- _PROBLEM REQUIREMENTS_: Write every line below out again, exactly as given, but leave out the pictures.

- _DATA EXCERPT_:
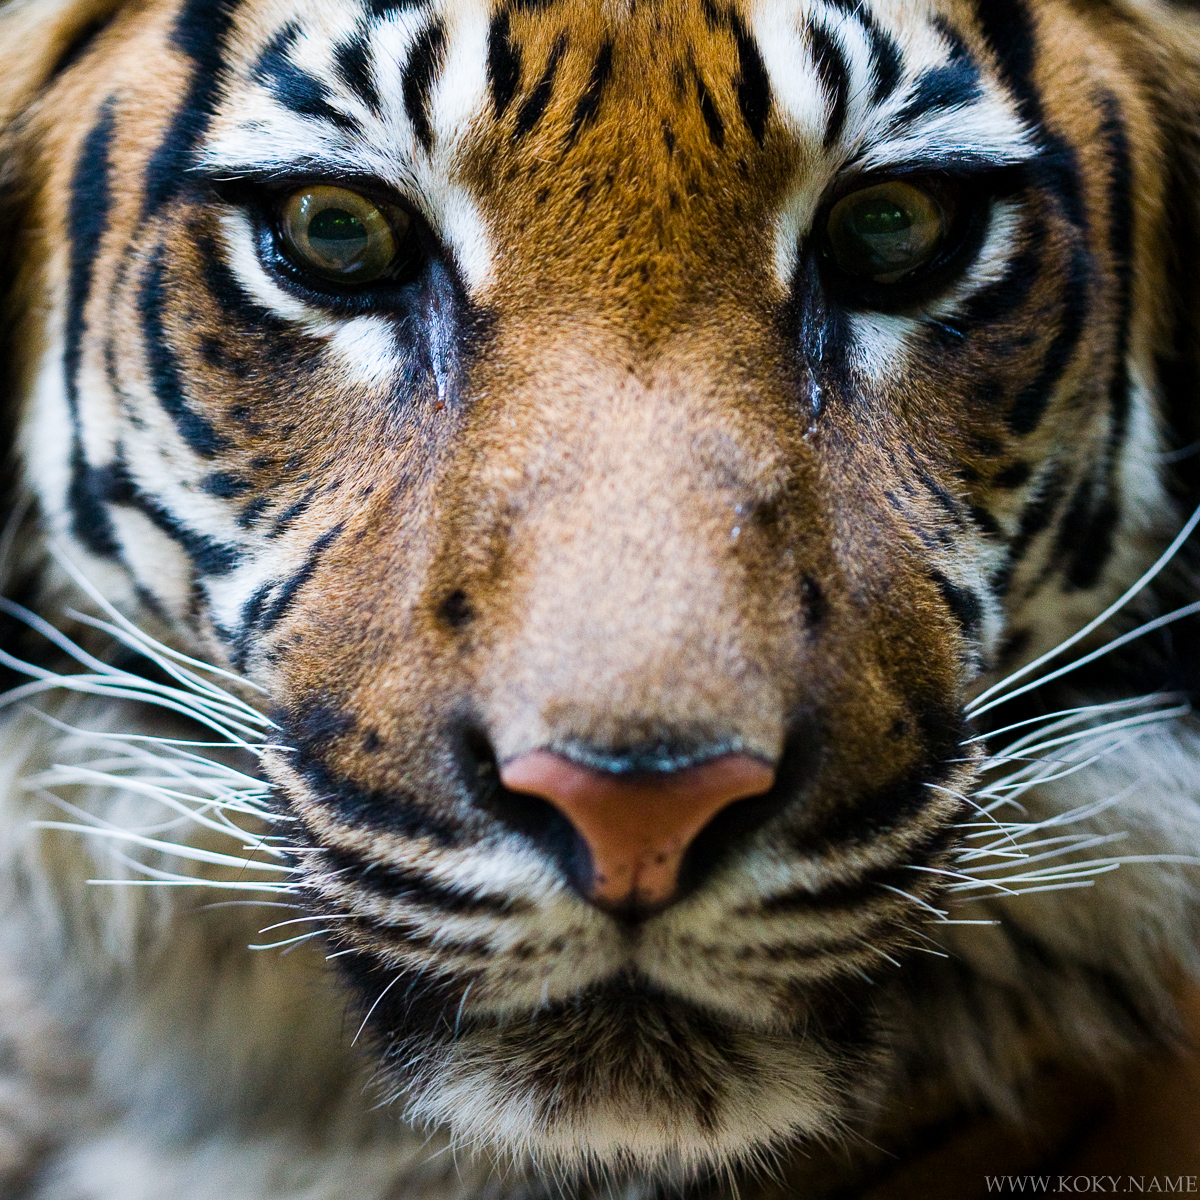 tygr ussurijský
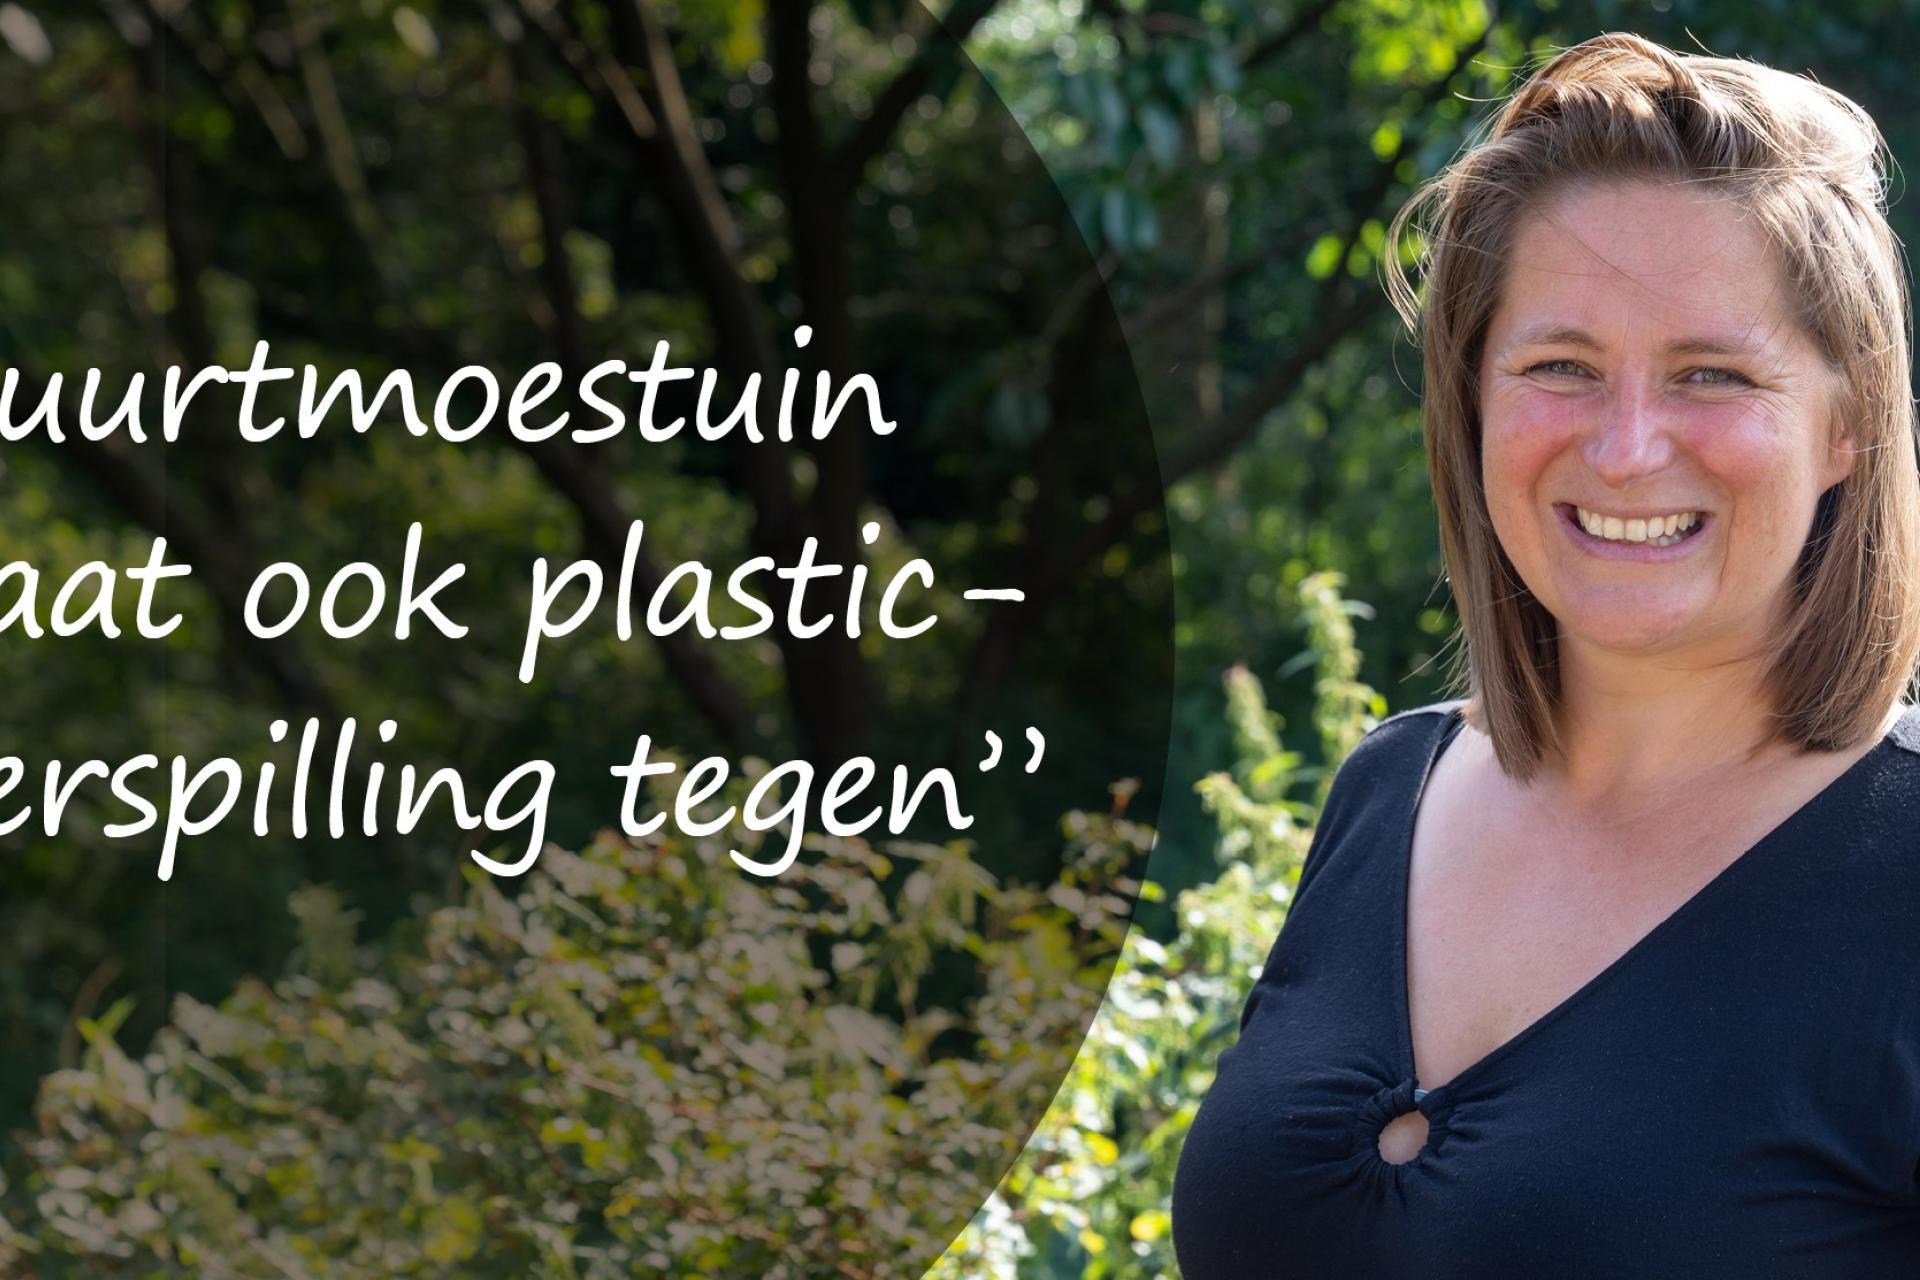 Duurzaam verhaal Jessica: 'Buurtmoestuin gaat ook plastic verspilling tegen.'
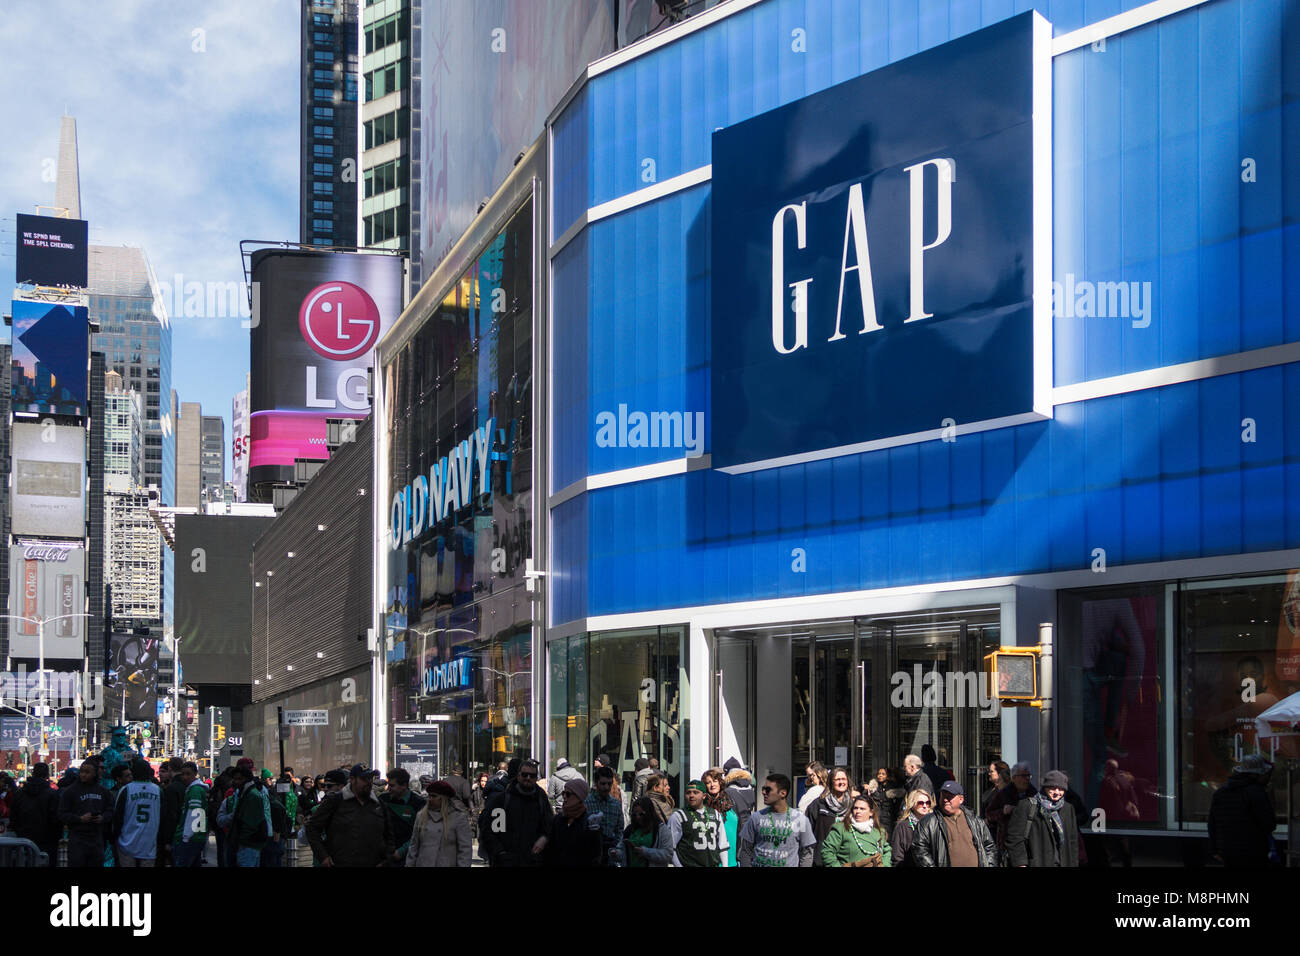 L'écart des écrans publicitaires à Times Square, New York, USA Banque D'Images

- _SOLUTION TO THIS PROBLEM_:
 tygr ussurijský
 Duurzaam verhaal Jessica: 'Buurtmoestuin gaat ook plastic verspilling tegen.'
 L'écart des écrans publicitaires à Times Square, New York, USA Banque D'Images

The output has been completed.